WORK ORDER: From the entries that follow, copy exactly the lines beginning at the line holding "Belfast, UK. 18." and continuing through the line holding "Сертификат эксперта по".

SUPPLIED RECORDS:
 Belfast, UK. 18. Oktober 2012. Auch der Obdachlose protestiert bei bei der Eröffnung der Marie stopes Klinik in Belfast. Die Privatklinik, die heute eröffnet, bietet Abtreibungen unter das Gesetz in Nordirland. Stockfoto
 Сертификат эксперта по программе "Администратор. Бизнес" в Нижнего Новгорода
==
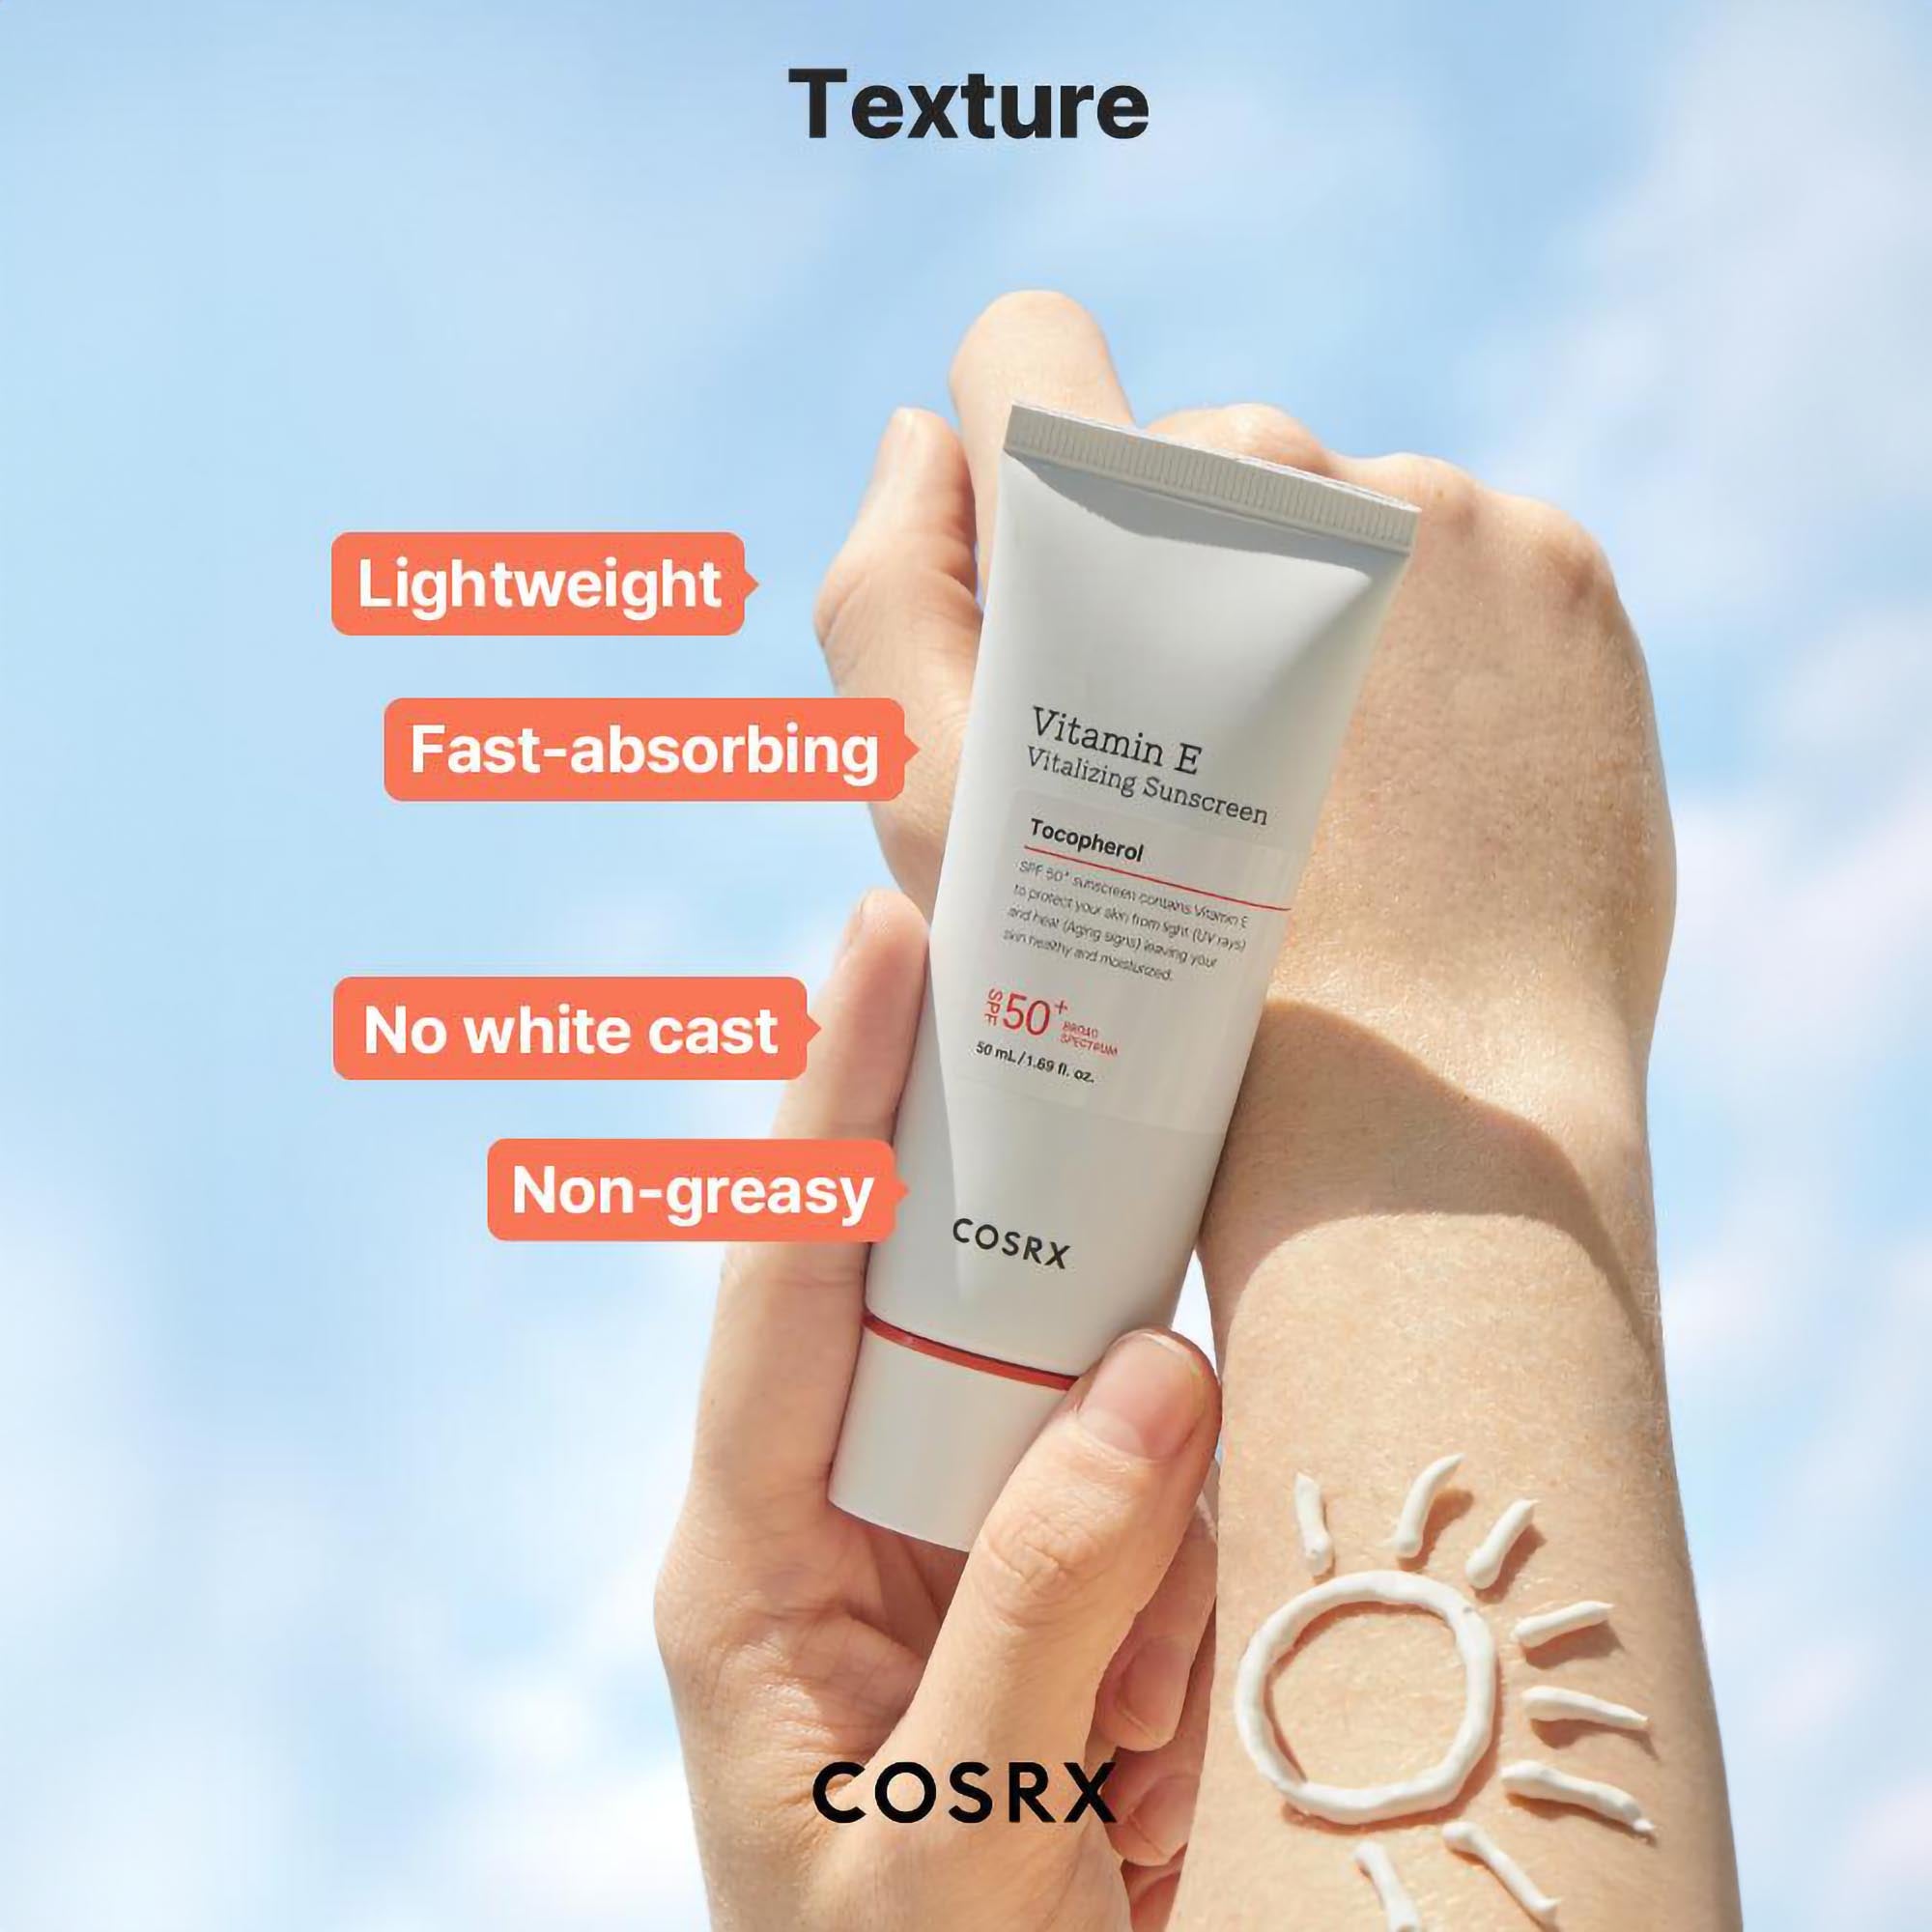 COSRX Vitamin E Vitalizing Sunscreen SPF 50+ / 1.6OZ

WRITTEN ANSWER:
 Belfast, UK. 18. Oktober 2012. Auch der Obdachlose protestiert bei bei der Eröffnung der Marie stopes Klinik in Belfast. Die Privatklinik, die heute eröffnet, bietet Abtreibungen unter das Gesetz in Nordirland. Stockfoto
 Сертификат эксперта по программе "Администратор. Бизнес" в Нижнего Новгорода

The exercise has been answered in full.